For the CSPs, 16 (SexeCSP2, 4–5, 8–10, 12–13, 17, 19, 23, 25–26, 28, 30, and 33) of 33 were relatively highly expressed (TPM value >10), of which only one CSP (SexeCSP23) was specifically expressed in larvae (Fig. 9, Table S8). One of the 16 CSPs with high expression levels was expressed with no significant differences among the different life stages [SexeCSP10 (P = 0.058, d.f. = 3, 19, F = 2.960)], while the high expression of the other 14 CSPs significantly differed according to the different life stages, e.g., four were highly expressed in adult males [SexeCSP2 (P < 0.0001, d.f. = 3, 19, F = 95.165), SexeCSP5 (P < 0.0001, d.f. = 3, 19, F = 18.880), SexeCSP25 (P < 0.0001, d.f. = 3, 19, F = 211.83), and SexeCSP30 (P < 0.0001, d.f. = 3, 19, F = 47.486)], four in larvae [SexeCSP4 (P < 0.0001, d.f. = 3, 19, F = 34.952), SexeCSP8 (P < 0.0001, d.f. = 3, 19, F = 19.168), SexeCSP19 (P = 0.0058, d.f. = 3, 19, F = 5.722), and SexeCSP33 (P < 0.0001, d.f. = 3, 19, F = 23.152)], two in pupae [SexeCSP17 (P < 0.0001, d.f. = 3, 19, F = 27.019) and SexeCSP26 (P < 0.0001, d.f. = 3, 19, F = 43.573)], and the others in two or three stages [SexeCSP9 (P < 0.0001, d.f. = 3, 19, F = 53.073) in larvae and males, SexeCSP12 (P < 0.0001, d.f. = 3, 19, F = 38.825) in pupae and males, SexeCSP13 (P = 0.0005, d.f. = 3, 19, F = 9.399) in larvae, males, and females, and SexeCSP28 (P = 0.0321, d.f. = 3, 19, F = 3.618) in larvae, pupae, and males] (Fig. 9, Table S8).
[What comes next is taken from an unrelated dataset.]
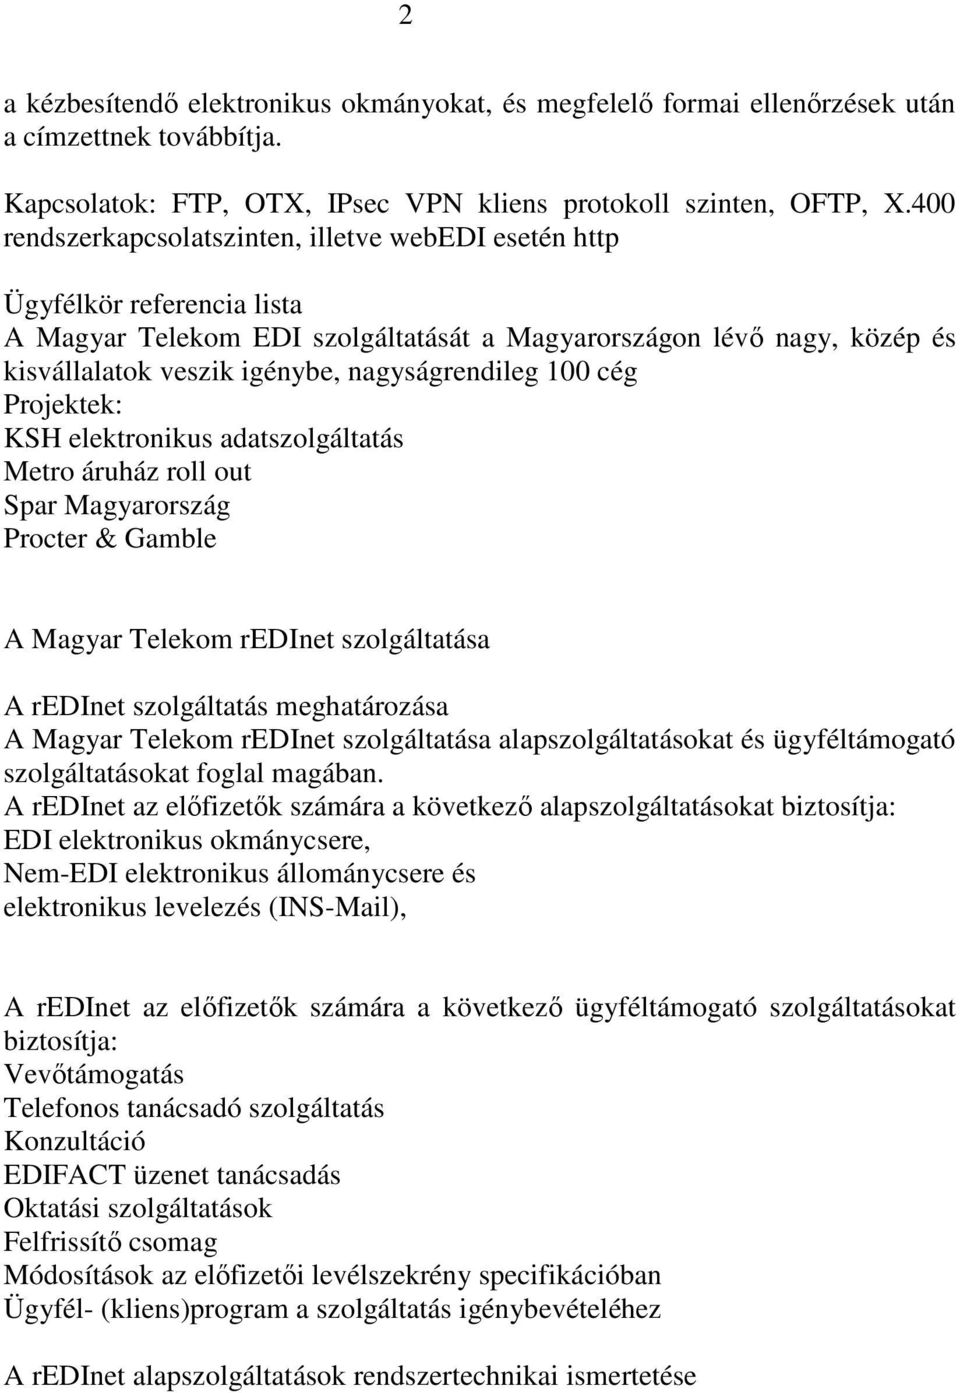 nagyságrendileg 100 cég Projektek: KSH elektronikus adatszolgáltatás Metro áruház roll out Spar Magyarország Procter & Gamble A Magyar Telekom redinet szolgáltatása A redinet szolgáltatás

Ten of the 16 OBPs were expressed at significantly higher levels in males than in females [SexeCSP2 (P < 0.0001, d.f. = 10, t = 6.892), SexeCSP5 (P = 0.0007, d.f. = 10, t = 4.872), SexeCSP9 (P < 0.0001, d.f. = 10, t = 6.744), SexeCSP12 (P = 0.0005, d.f. = 10, t = 5.065), SexeCSP17 (P = 0.0014, d.f. = 10, t = 4.377), SexeCSP19 (P = 0.0015, d.f. = 10, t = 4.319), SexeCSP25 (P < 0.0001, d.f. = 10, t = 11.322), SexeCSP26 (P = 0.0051, d.f. = 10, t = 3.568), SexeCSP28 (P = 0.0012, d.f. = 10, t = 4.452), and SexeCSP30 (P = 0.0389, d.f. = 10, t = 2.376)] (Fig. 9, Table S7). The genes SexeCSP6 and SexeCSP20 were specifically expressed in pupae with low expression levels (Fig. 9, Table S8).
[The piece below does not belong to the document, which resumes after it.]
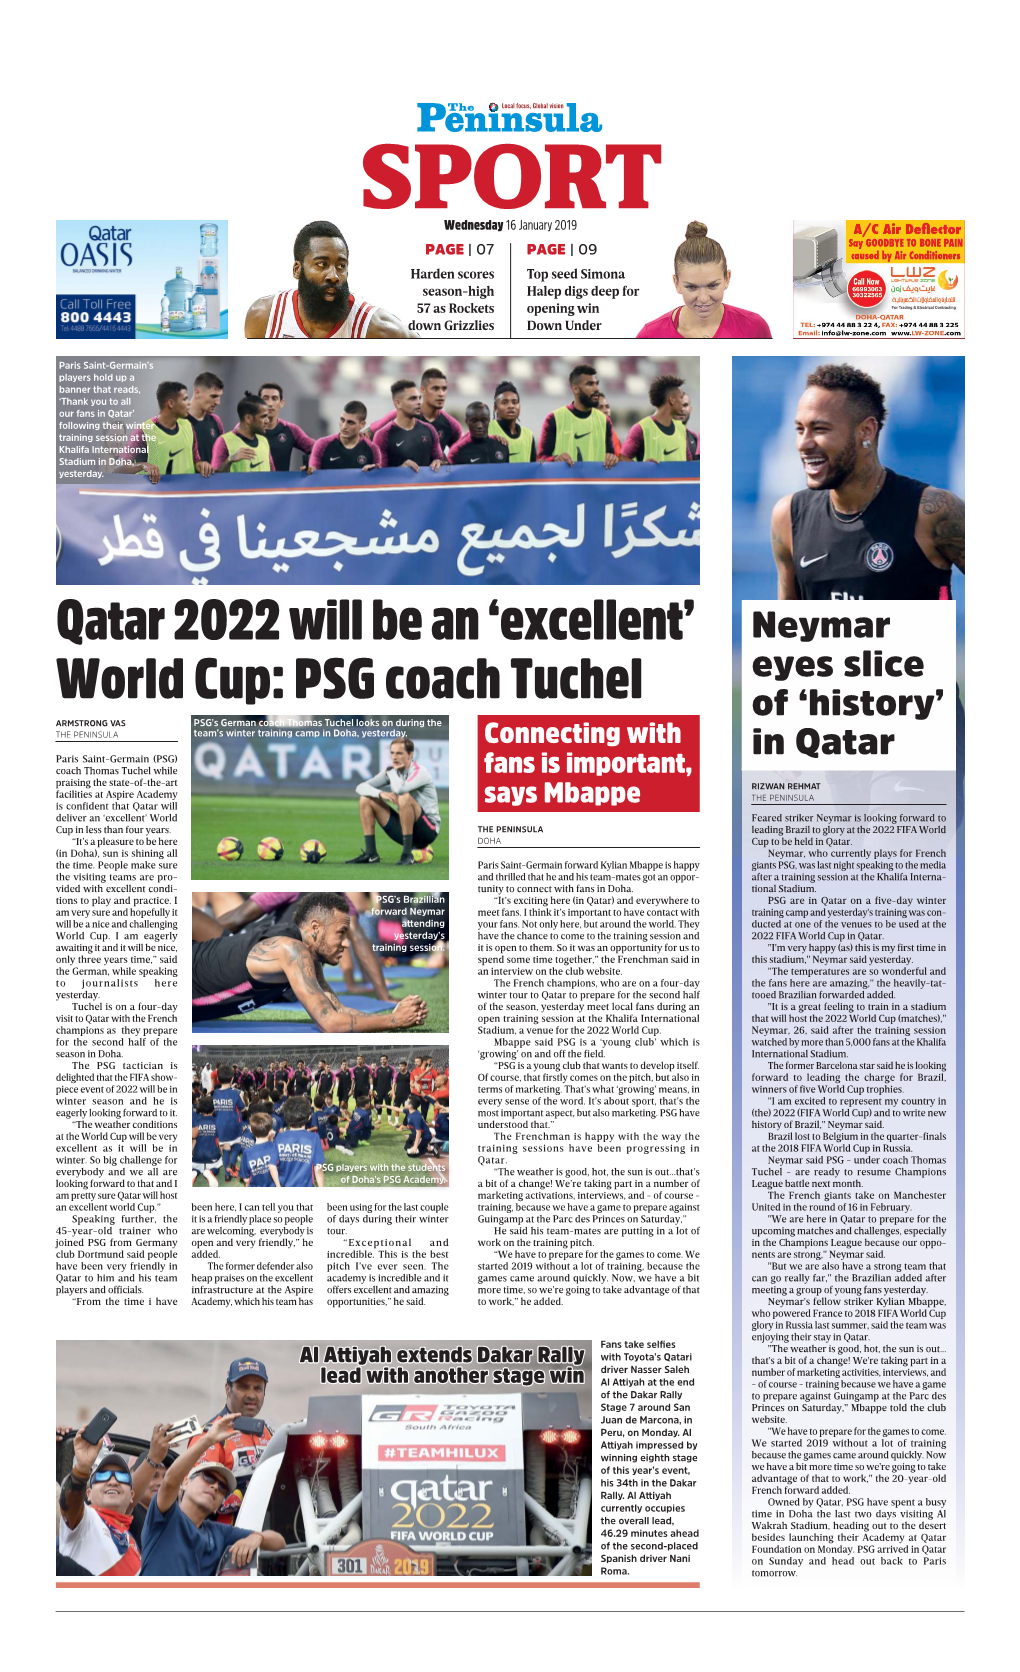 'Excellent' World Cup: PSG Coach Tuchel

The highly expressed genes of OBPs and CSPs (TPM > 10) in S. exempta were validated with sybgreen qPCR using β-actin and GAPDH as reference genes (Table S2). The results were consistent with the data from RNA-seq except for SexeOBP9, 30, 37, and SexeCSP5, 9, 12, 19, 30 (Figs. S2, S3, Supplemental Information 19).